Mediumship and Power: Helen Duncan, CIA Stargate, and Academic Marginalisation

Published 2026-05-09 · Updated 2026-05-09 · Reading time approx. 11 minutes

There is a recurring question in the history of mediumship research: why does it remain academically and publicly marginal today – even though the evidence base, as we discuss it in this series from Schwartz through Beischel to Tressoldi's meta-analysis, is actually quite solid? A recurring suggestion is that mediumistic perception might be inconvenient for those in power. Anyone who can be seen through would prefer not to be seen through. The thesis is large – and quickly too large. But there are two documented historical strands showing that mediumistic research has repeatedly come into the focus of state and academic power – with sober, verifiable archival evidence.

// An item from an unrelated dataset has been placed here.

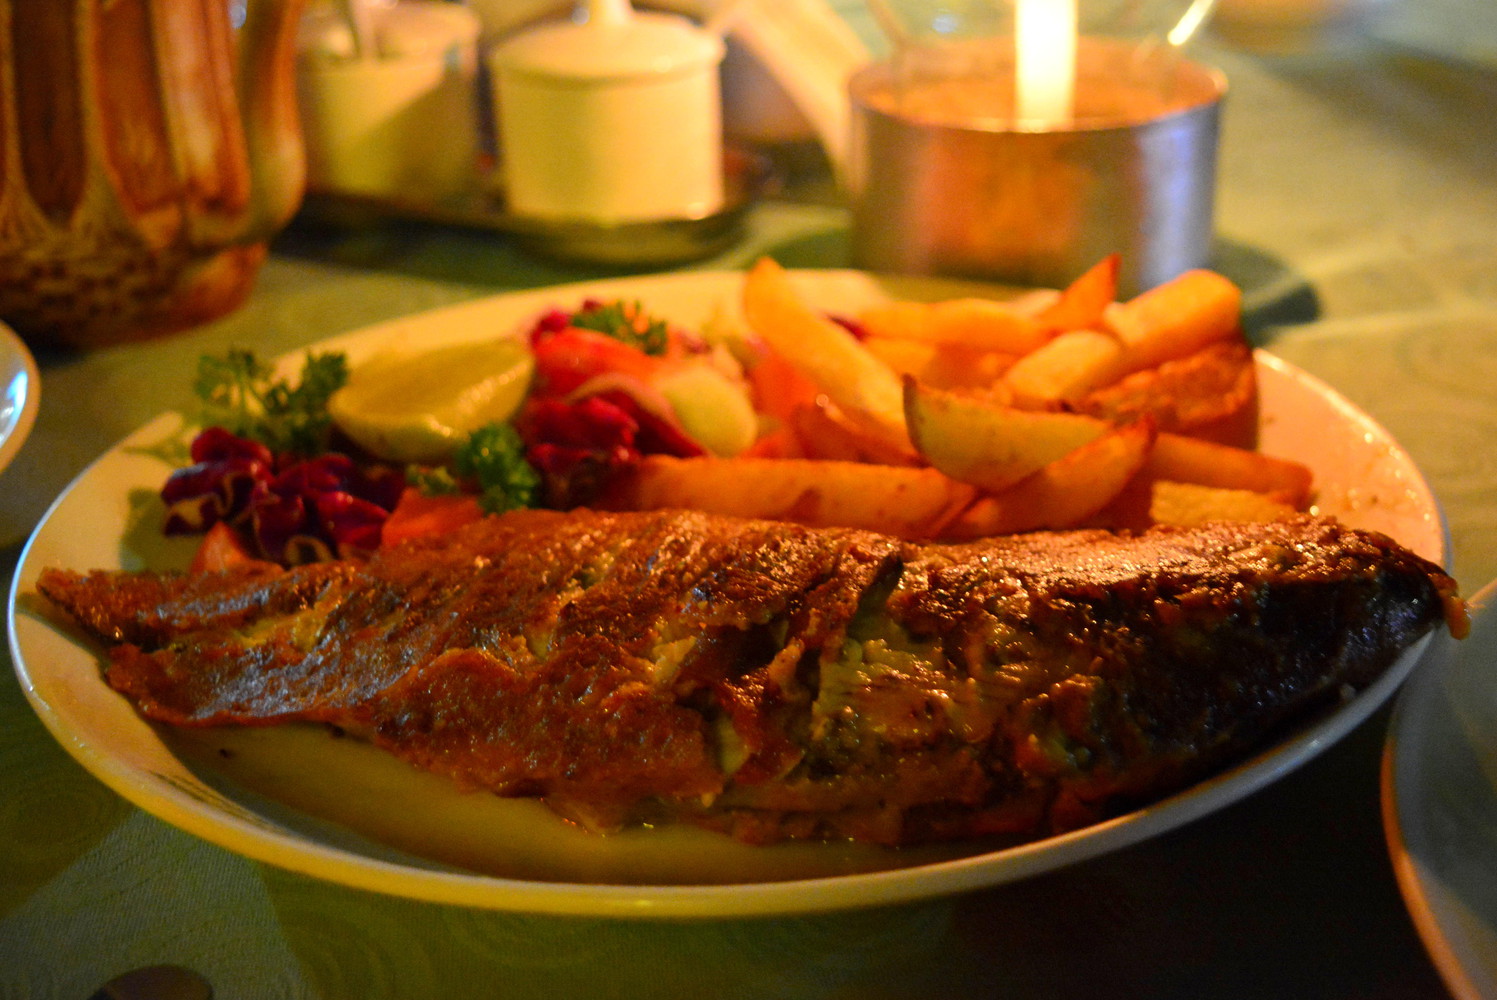 Masala fried red snapper served with fries, salad, and a lemon slice

1. Helen Duncan and the 1944 Witchcraft Verdict

In November 1941, the Scottish medium Helen Duncan held a séance in Portsmouth. The mother of a missing sailor was present. Duncan told her that her son was dead – and named the ship: HMS Barham. The problem: the sinking of HMS Barham in the Mediterranean was at that time strictly classified. Only the families of the dead had been informed in confidence. The loss was officially announced only at the end of January 1942. The Royal Navy took notice.

Three years later, in January 1944 – just months before the Allied invasion of Normandy – Helen Duncan was arrested at a séance. She was charged under the Witchcraft Act of 1735, a piece of more than 200-year-old anti-witchcraft legislation. According to the case files, the Navy feared she might give away details of the upcoming D-Day plans. Helen Duncan was sentenced to nine months in prison, becoming the last person in Britain ever imprisoned under the 1735 Witchcraft Act.

The reaction of Winston Churchill is striking. In a letter to Home Secretary Herbert Morrison he called the trial "obsolete tomfoolery". Even the wartime Prime Minister was embarrassed by what was being prosecuted in his country in the middle of a world war. In 1951 the 1735 Witchcraft Act was finally repealed and replaced by the Fraudulent Mediums Act. But Helen Duncan's posthumous pardon has still not been granted: petitions to the Scottish Parliament were rejected in 2001, 2008 and 2012.

What this case documents is remarkable in itself: a modern state, in wartime, reactivated a 200-year-old anti-witchcraft law to remove a medium whose mediumistic accuracy was treated as a military security risk. It is hard to imagine stronger evidence for "this state took mediumship seriously enough to fight it."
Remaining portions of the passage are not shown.